Investing.com - Gold prices were on track for a sixth-straight session of gains on Tuesday as a string of dovish remarks from Federal Reserve policymakers and an equity selloff supported the precious metal.
At 9:13 AM ET (14:13 GMT), gold futures for December delivery on the Comex division of the New York Mercantile Exchange edged forward $1.10, or 0.09%, to $1,226.40 a troy ounce.
The recent winning streak began when Fed Chairman Jerome Powell warned last Wednesday of slowing demand abroad, fading fiscal stimulus at home and the lagged economic impact of the Fed’s past rate increases, suggesting that a pause in tightening may well come in 2019.
Adding to that interpretation, Fed Vice Chairman Richard Clarida told CNBC last Friday that the rates were currently near neutral levels, while Dallas Fed President Robert Kaplan also said that he expected a growth slowdown in Europe and China.
Markets still expect the Fed to undertake its fourth rate hike this year at its next meeting in December, but the remarks seemed to suggest a more cautious central bank in the face of uncertainty over the global economy and the current trade dispute between the U.S. and China.

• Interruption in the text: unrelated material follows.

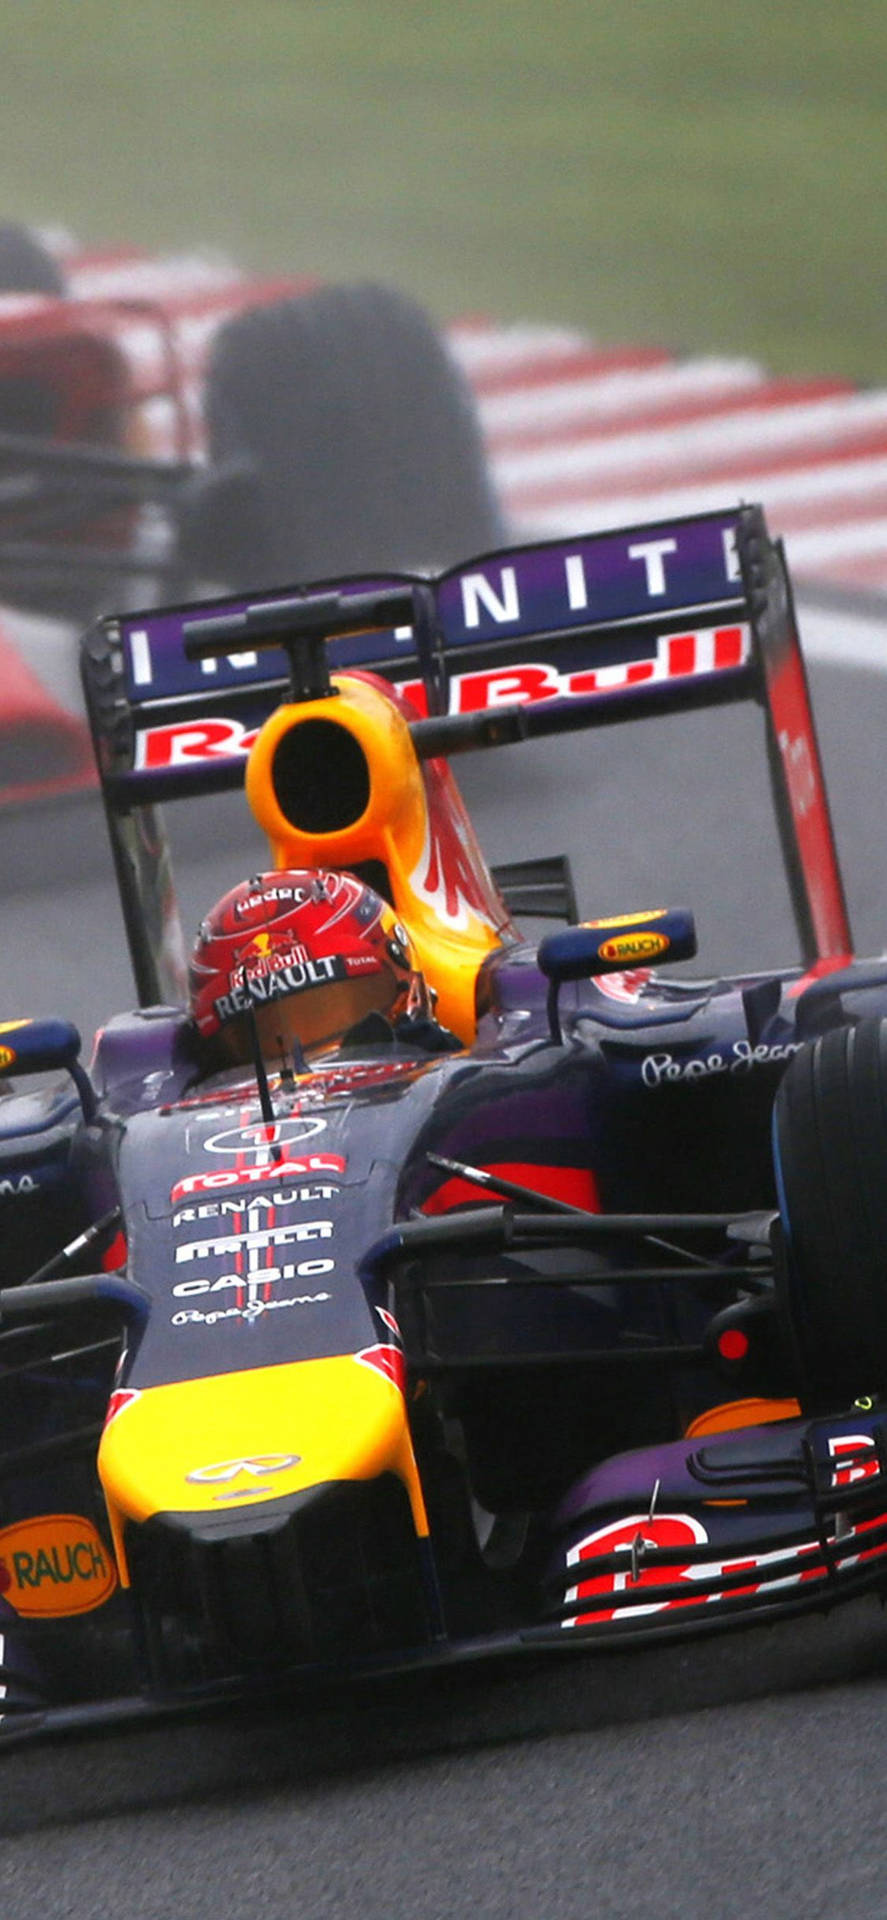 F1 Daniel Ricciardo Racing Iphone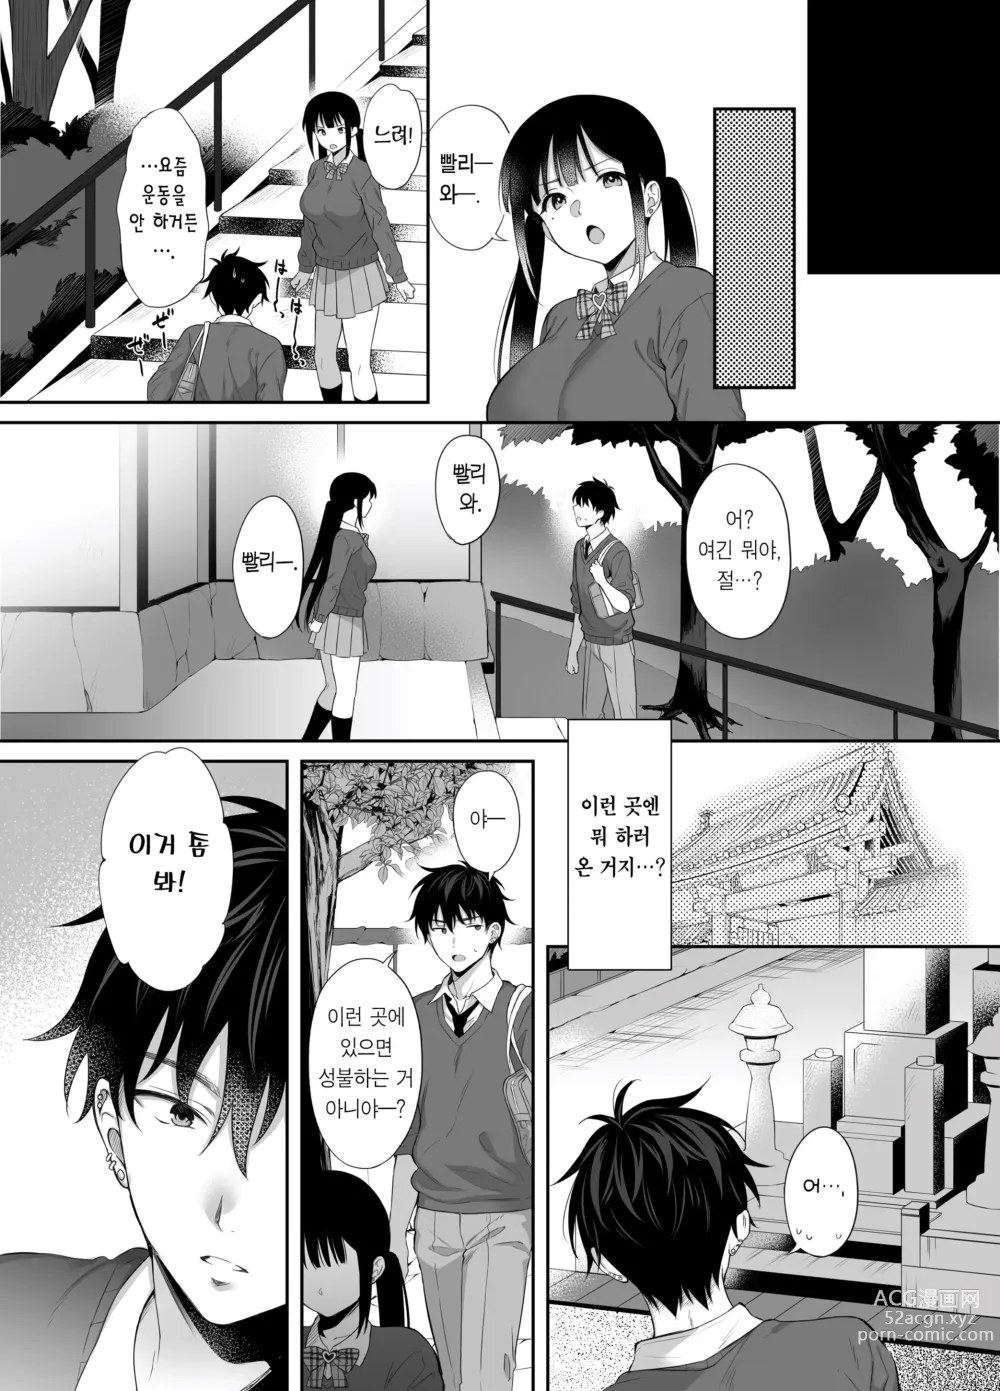 Page 48 of doujinshi 폐허에서 지뢰녀랑 밤새 질내사정 섹스한 이야기 2

A slower pace of interest rate increases would lessen the pressure on non-yielding bullion.
The recent selloff in U.S. equity markets led by tech stocks such as Facebook (NASDAQ:FB), Amazon (NASDAQ:AMZN), Apple (NASDAQ:AAPL), Netflix (NASDAQ:NFLX) and Google-parent Alphabet (NASDAQ:GOOGL) have also served to heighten gold’s safe haven appeal.
The so-called FAANG stocks have all fallen more than 20% since their one-year highs, officially entering a bear market.
In other metals trading, silver futures slipped 0.02% at $14.400 a troy ounce by 9:17 AM ET (14:17 GMT).
Palladium futures slumped 1.32% to $1,126.20 an ounce, while sister metal platinum fell 0.98% at $849.20.
In base metals, copper traded up 1.11% to $2.830 a pound.